** Data shown **
-*-*-
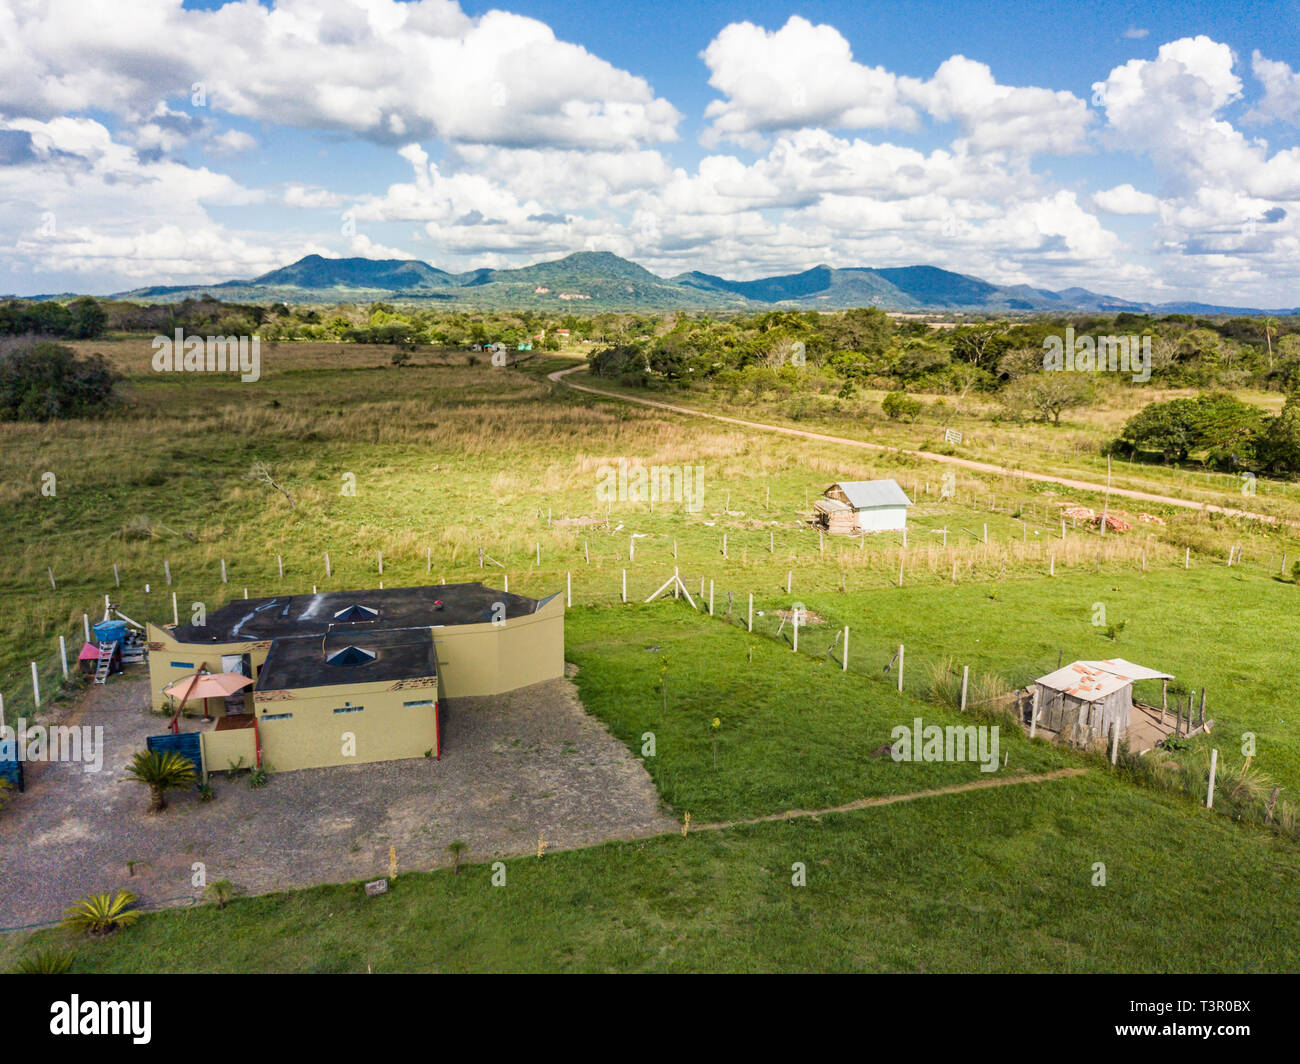 Aerial view in Paraguay overlooking the Ybytyruzu Mountains. Stock Photo
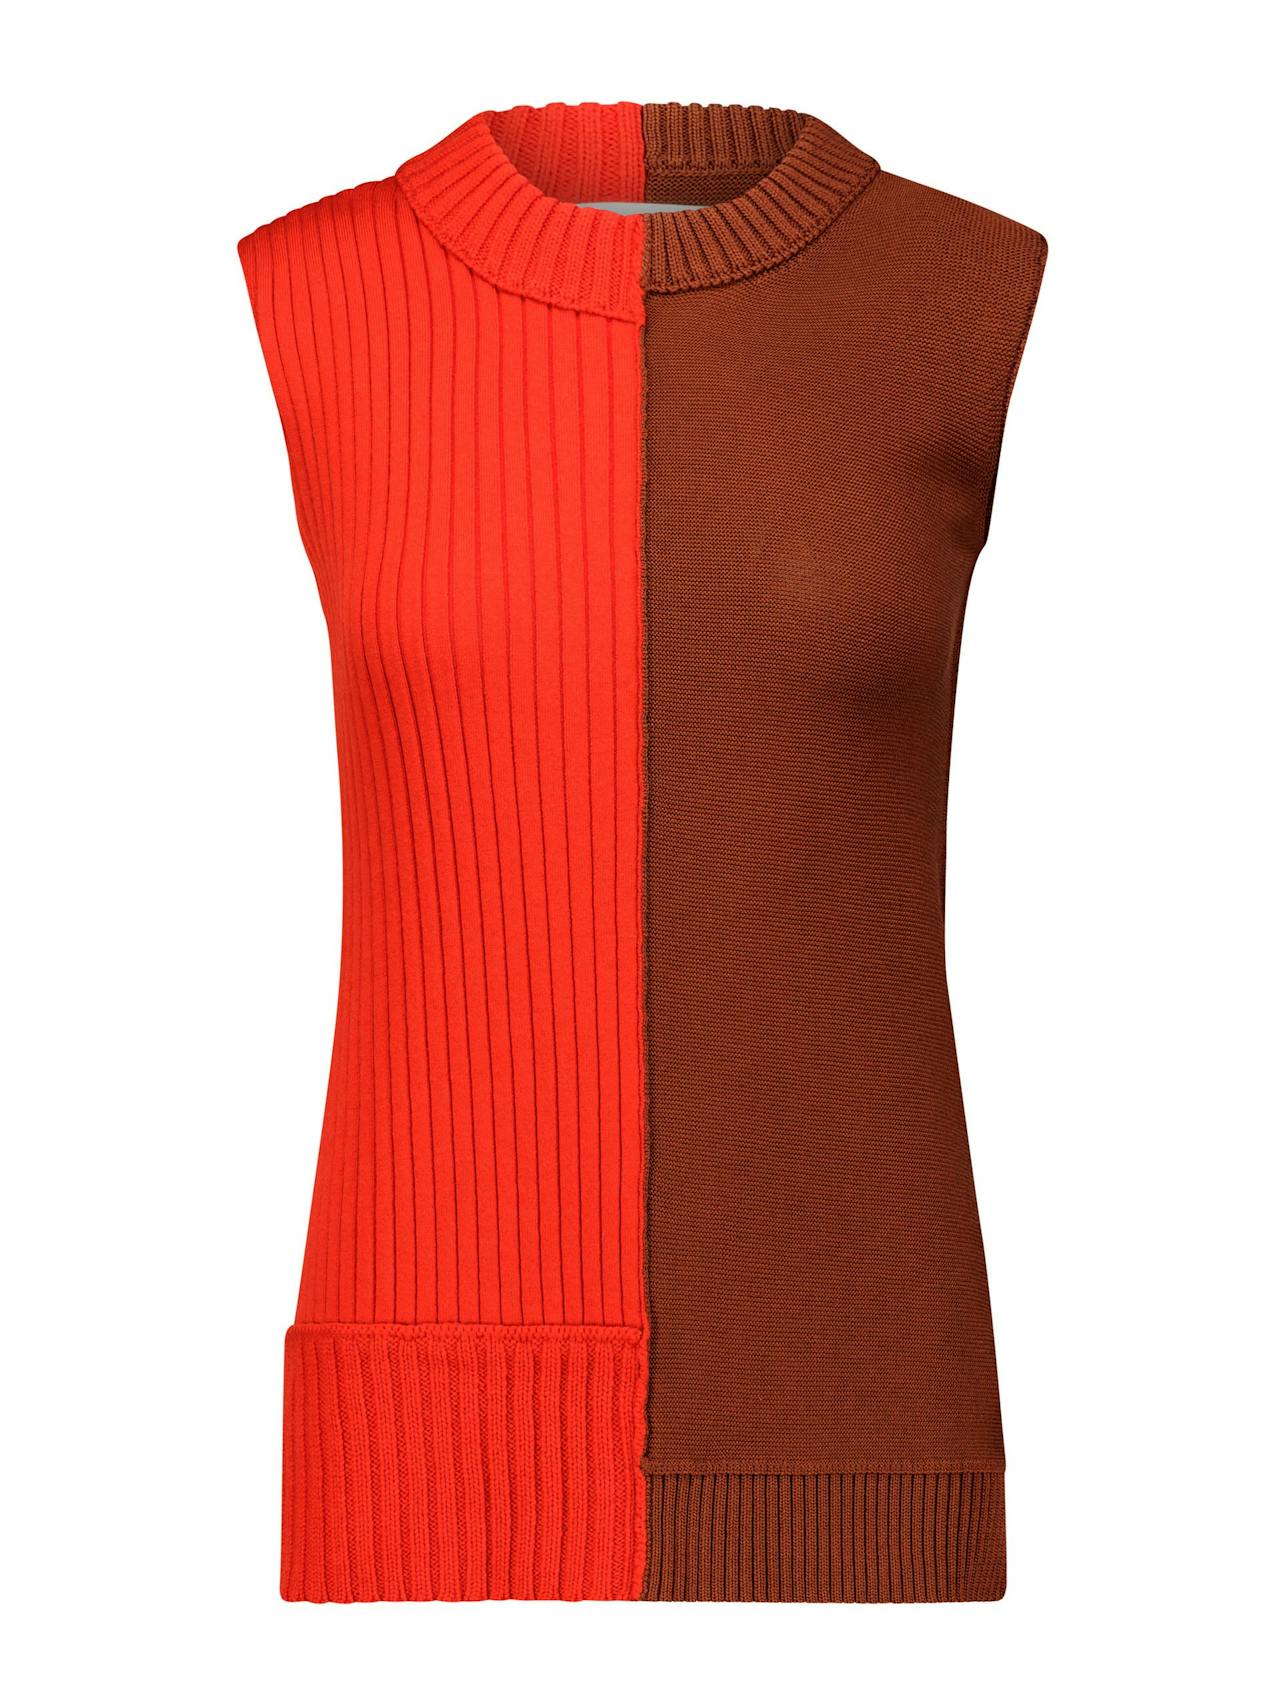 Poppy and brown patchwork sleeveless pullover
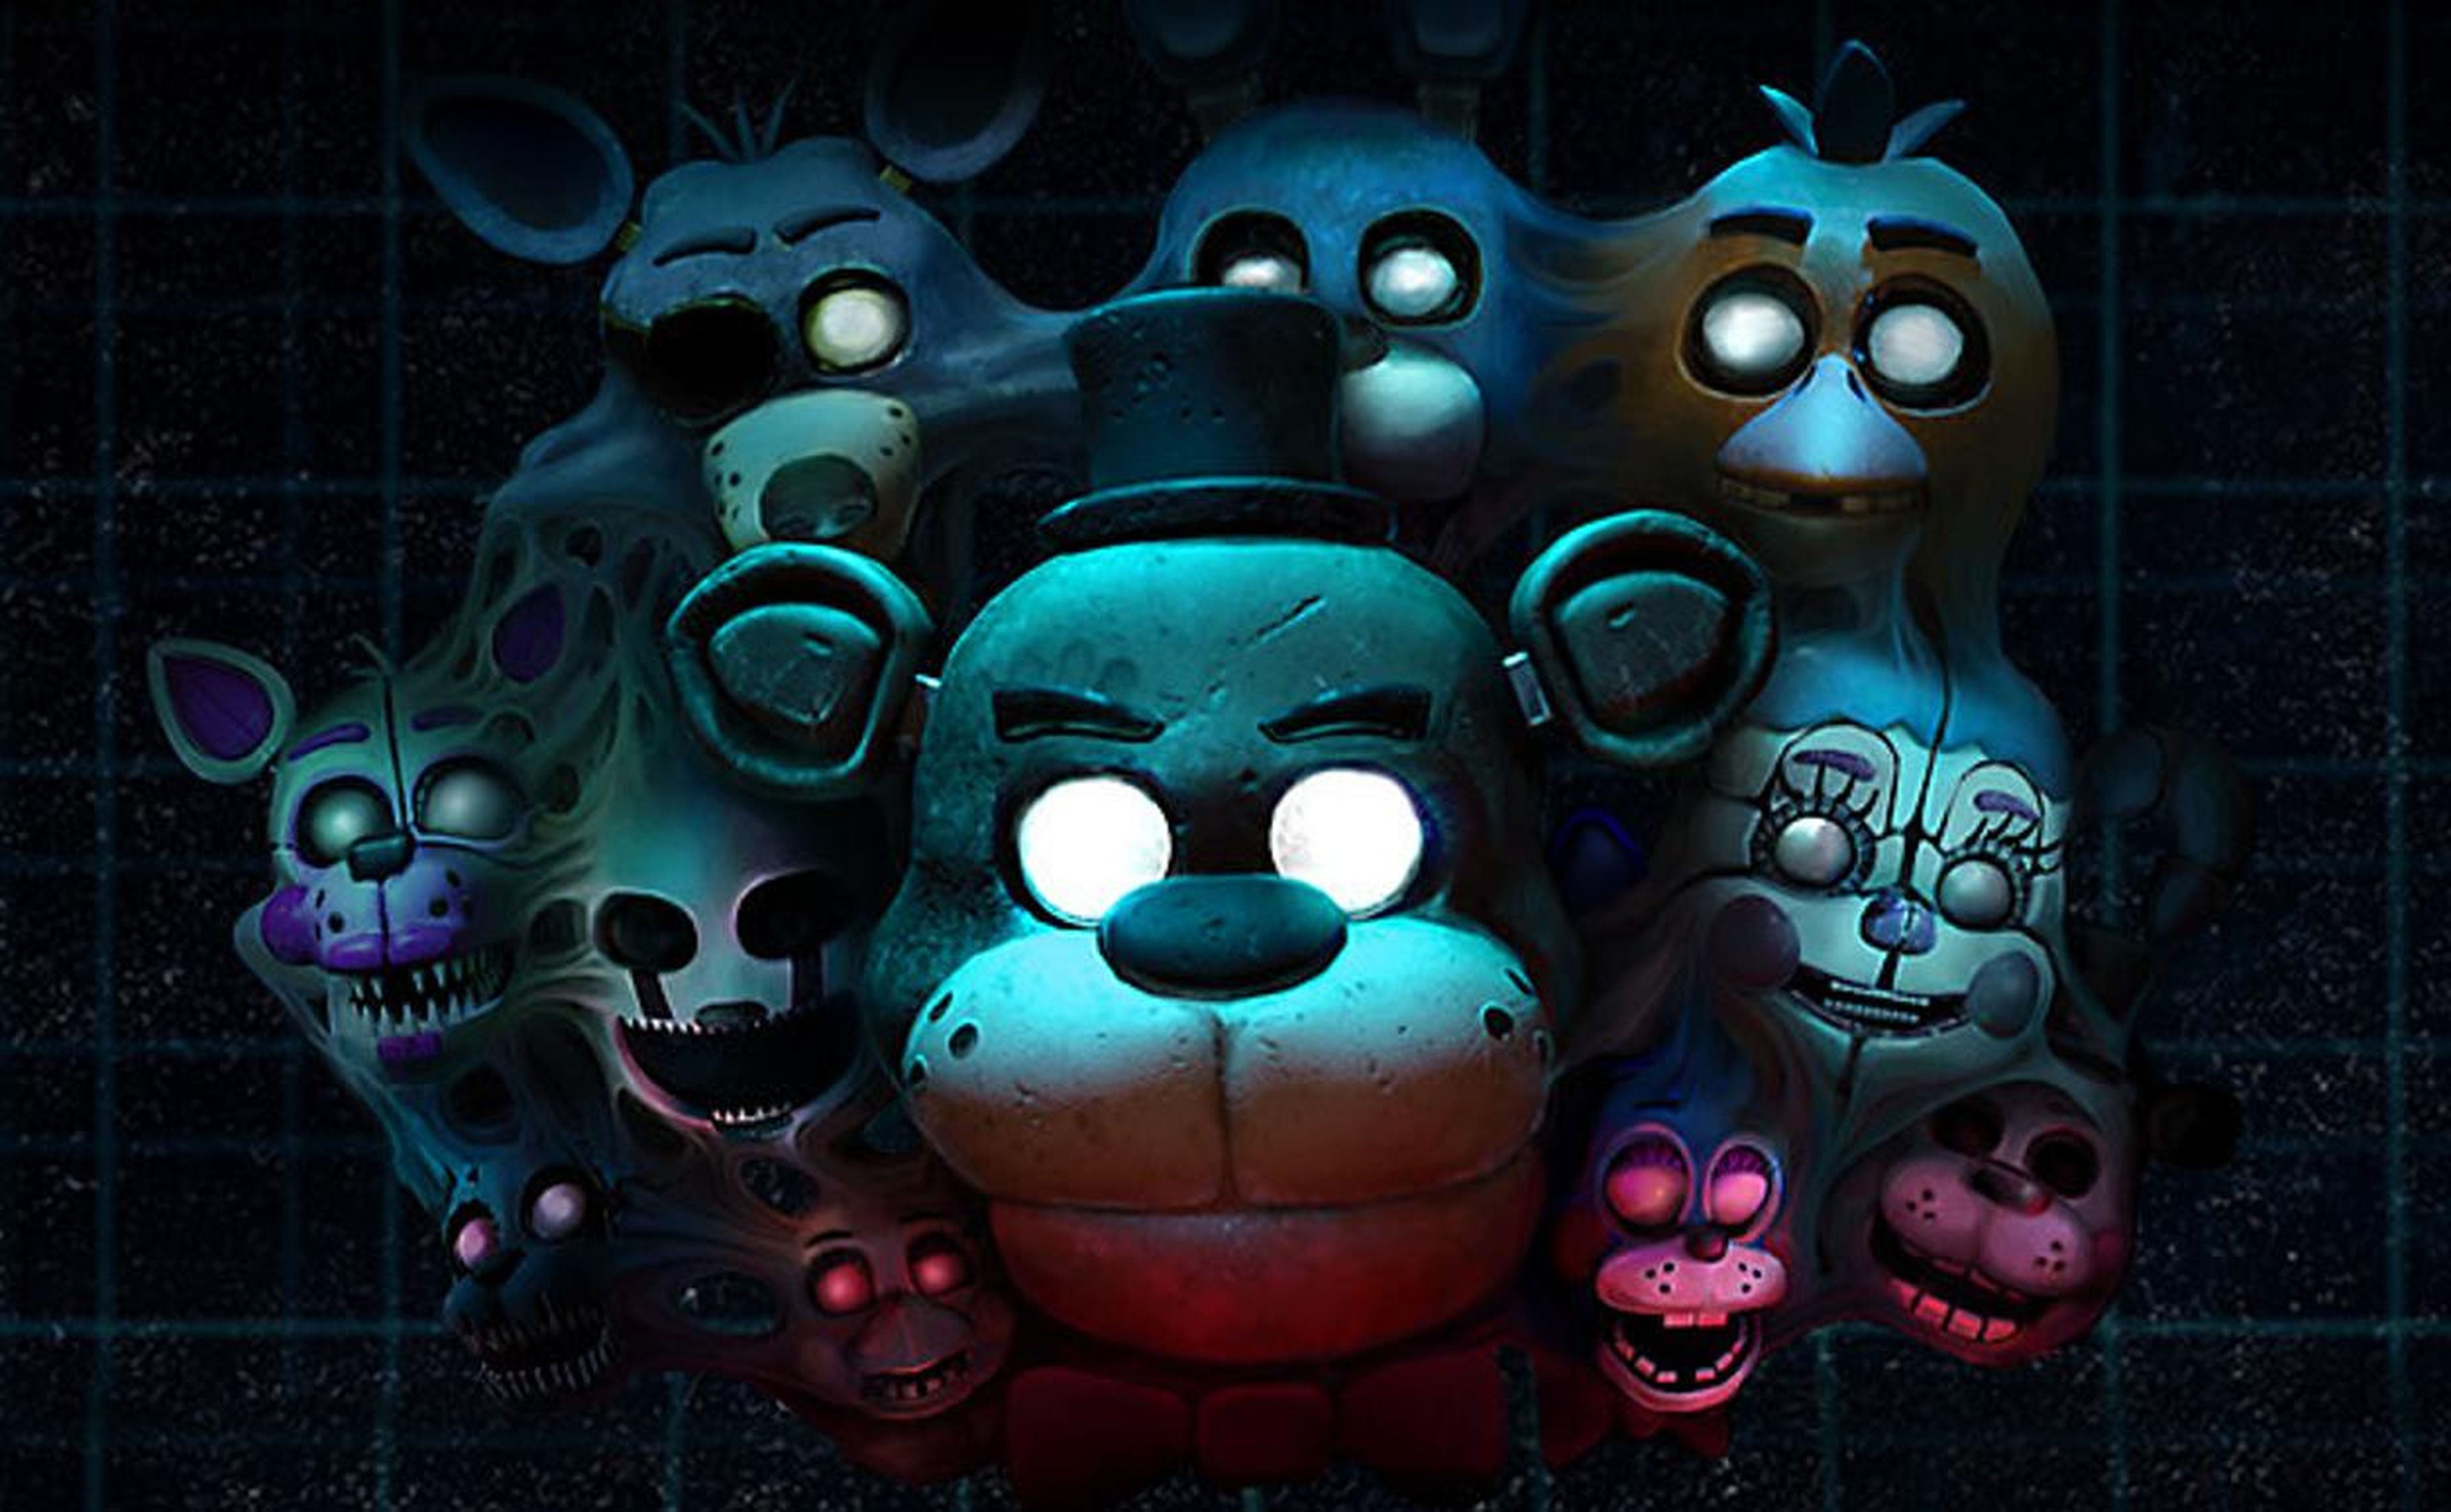 5 с фредди 8. 5 Nights at Freddy's. ФНАФ 5 VR Фредди. Five Nights at Freddy's 5. ФНАФ 8 VR help wanted.
-*-*-
** Task requirements **
An exact reproduction of the material is needed, without its images.

** Task response **
 Aerial view in Paraguay overlooking the Ybytyruzu Mountains. Stock Photo
 Poppy and brown patchwork sleeveless pullover
 5 с фредди 8. 5 Nights at Freddy's. ФНАФ 5 VR Фредди. Five Nights at Freddy's 5. ФНАФ 8 VR help wanted.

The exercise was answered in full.